#### EXERCISE OBJECTIVE:
Working through the entries below, find how many lines include "Hotel", then write only that number.

START RAW DATA

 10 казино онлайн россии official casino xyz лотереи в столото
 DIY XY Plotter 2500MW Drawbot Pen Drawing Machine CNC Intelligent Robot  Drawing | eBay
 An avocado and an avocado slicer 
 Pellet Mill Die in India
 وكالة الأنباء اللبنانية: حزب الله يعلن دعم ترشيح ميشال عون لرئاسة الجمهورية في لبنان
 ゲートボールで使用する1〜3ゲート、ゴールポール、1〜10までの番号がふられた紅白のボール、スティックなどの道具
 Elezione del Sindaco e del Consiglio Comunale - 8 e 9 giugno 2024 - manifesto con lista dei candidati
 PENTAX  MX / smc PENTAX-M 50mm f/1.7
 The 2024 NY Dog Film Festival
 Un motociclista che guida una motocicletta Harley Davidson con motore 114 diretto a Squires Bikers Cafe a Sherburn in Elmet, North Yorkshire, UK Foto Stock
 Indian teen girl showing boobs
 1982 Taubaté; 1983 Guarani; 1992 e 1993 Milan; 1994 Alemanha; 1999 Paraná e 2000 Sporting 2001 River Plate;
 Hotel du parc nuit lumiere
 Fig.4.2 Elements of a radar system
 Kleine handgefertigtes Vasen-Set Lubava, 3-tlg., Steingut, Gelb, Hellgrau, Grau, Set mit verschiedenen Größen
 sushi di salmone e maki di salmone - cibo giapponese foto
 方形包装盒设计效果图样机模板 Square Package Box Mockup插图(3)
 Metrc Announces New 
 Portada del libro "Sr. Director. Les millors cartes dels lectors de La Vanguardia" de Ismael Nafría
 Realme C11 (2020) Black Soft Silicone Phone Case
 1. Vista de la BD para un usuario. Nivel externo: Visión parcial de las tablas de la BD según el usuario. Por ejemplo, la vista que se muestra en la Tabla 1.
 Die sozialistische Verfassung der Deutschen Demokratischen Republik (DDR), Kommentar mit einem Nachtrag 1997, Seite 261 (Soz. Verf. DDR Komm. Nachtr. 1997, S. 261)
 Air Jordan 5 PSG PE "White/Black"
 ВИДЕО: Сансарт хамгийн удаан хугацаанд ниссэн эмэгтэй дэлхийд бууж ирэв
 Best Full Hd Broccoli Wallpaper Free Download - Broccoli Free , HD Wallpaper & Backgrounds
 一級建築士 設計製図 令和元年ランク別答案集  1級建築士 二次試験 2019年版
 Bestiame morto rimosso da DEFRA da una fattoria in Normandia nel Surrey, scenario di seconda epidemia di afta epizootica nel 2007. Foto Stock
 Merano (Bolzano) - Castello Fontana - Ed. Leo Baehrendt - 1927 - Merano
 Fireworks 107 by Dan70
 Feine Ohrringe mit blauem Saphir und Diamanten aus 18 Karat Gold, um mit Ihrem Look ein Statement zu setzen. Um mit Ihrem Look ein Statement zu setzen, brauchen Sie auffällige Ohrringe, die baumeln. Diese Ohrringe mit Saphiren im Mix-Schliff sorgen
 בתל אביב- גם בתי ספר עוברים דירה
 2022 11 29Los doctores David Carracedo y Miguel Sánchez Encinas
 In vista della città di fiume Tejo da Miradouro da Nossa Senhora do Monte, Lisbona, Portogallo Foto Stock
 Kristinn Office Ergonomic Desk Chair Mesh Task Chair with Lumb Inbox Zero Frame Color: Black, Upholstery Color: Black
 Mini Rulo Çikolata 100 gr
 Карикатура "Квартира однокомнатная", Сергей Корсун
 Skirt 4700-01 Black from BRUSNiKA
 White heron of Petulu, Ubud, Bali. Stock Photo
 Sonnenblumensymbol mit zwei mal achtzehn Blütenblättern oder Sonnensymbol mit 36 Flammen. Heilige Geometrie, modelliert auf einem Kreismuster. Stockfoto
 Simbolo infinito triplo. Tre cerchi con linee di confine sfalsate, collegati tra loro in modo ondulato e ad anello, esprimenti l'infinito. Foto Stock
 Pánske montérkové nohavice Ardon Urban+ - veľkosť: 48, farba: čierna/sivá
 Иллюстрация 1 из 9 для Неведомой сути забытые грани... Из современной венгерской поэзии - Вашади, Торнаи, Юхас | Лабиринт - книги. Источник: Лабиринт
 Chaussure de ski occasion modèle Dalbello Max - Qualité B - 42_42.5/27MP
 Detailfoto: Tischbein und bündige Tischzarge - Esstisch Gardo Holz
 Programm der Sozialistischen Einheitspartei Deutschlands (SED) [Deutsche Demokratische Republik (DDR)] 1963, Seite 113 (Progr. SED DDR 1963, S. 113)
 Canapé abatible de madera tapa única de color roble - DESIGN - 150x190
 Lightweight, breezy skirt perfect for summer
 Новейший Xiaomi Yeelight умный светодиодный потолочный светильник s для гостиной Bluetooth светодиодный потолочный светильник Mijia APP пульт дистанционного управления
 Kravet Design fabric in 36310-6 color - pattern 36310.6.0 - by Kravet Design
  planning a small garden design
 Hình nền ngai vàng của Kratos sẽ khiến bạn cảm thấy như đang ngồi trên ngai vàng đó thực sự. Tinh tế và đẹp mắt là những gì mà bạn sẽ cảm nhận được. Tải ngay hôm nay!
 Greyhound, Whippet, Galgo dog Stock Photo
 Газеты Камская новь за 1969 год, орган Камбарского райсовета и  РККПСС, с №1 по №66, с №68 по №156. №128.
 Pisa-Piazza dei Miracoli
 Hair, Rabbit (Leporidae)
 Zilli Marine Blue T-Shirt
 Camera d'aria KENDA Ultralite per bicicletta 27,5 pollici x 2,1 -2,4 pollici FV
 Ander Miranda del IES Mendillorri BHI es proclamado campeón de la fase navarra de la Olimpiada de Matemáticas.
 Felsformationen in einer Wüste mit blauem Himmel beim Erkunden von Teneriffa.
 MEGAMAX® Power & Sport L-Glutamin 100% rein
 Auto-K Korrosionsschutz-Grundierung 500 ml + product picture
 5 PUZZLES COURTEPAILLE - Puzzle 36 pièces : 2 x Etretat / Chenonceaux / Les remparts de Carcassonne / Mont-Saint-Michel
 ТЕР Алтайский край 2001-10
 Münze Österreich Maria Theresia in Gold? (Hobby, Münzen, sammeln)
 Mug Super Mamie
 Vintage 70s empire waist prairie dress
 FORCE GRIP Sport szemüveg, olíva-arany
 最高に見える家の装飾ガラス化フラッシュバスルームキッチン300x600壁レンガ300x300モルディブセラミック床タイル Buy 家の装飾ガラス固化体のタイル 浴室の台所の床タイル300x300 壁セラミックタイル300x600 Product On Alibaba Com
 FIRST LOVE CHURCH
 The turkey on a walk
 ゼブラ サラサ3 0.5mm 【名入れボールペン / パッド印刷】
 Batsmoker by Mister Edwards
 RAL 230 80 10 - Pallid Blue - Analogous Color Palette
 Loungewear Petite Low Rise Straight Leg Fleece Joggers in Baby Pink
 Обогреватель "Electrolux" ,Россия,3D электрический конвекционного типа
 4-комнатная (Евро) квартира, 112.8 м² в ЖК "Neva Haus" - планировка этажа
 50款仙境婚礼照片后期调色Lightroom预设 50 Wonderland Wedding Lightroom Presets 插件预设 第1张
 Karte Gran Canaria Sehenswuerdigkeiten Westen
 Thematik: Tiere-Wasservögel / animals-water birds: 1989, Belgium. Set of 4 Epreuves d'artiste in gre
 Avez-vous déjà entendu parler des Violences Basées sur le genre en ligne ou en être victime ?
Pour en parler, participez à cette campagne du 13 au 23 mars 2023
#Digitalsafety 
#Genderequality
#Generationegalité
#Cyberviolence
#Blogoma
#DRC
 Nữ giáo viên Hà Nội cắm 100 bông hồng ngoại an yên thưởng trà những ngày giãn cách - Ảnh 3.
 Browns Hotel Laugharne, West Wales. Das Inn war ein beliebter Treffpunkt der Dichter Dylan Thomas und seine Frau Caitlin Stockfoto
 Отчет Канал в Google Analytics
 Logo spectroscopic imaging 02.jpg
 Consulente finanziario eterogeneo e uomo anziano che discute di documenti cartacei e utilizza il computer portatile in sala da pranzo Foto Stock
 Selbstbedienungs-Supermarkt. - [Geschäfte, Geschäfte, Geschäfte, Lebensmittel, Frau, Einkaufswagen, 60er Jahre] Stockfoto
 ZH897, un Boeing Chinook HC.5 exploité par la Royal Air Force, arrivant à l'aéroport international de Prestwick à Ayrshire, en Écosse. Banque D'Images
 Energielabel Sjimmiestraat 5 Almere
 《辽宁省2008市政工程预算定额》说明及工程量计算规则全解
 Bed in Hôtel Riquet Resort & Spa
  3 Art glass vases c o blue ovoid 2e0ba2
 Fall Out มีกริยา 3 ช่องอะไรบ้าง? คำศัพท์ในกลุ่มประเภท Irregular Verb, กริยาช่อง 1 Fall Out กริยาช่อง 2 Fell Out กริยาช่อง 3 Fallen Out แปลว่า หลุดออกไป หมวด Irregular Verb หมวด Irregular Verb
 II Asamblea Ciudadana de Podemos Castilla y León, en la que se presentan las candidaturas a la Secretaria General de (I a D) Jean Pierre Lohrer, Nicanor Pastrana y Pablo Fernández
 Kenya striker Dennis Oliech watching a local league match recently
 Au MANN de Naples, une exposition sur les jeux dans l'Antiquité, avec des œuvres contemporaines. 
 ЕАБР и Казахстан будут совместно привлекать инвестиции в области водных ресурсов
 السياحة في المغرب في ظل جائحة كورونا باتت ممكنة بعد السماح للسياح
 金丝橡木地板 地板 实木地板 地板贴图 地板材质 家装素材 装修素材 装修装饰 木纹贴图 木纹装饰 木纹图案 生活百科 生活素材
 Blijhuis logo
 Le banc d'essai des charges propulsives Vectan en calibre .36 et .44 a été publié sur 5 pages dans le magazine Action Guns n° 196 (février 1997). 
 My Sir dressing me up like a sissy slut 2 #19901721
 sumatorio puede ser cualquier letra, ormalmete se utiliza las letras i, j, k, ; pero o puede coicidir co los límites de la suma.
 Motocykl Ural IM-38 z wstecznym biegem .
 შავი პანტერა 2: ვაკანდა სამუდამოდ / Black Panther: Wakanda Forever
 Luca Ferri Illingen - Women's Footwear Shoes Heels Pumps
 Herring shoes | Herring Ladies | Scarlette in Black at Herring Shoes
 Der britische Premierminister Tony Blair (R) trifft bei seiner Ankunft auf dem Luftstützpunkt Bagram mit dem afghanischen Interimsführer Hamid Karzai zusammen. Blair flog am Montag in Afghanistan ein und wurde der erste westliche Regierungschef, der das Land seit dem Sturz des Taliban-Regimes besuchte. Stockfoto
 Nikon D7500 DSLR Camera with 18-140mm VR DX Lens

END RAW DATA

#### WRITTEN REPLY:
2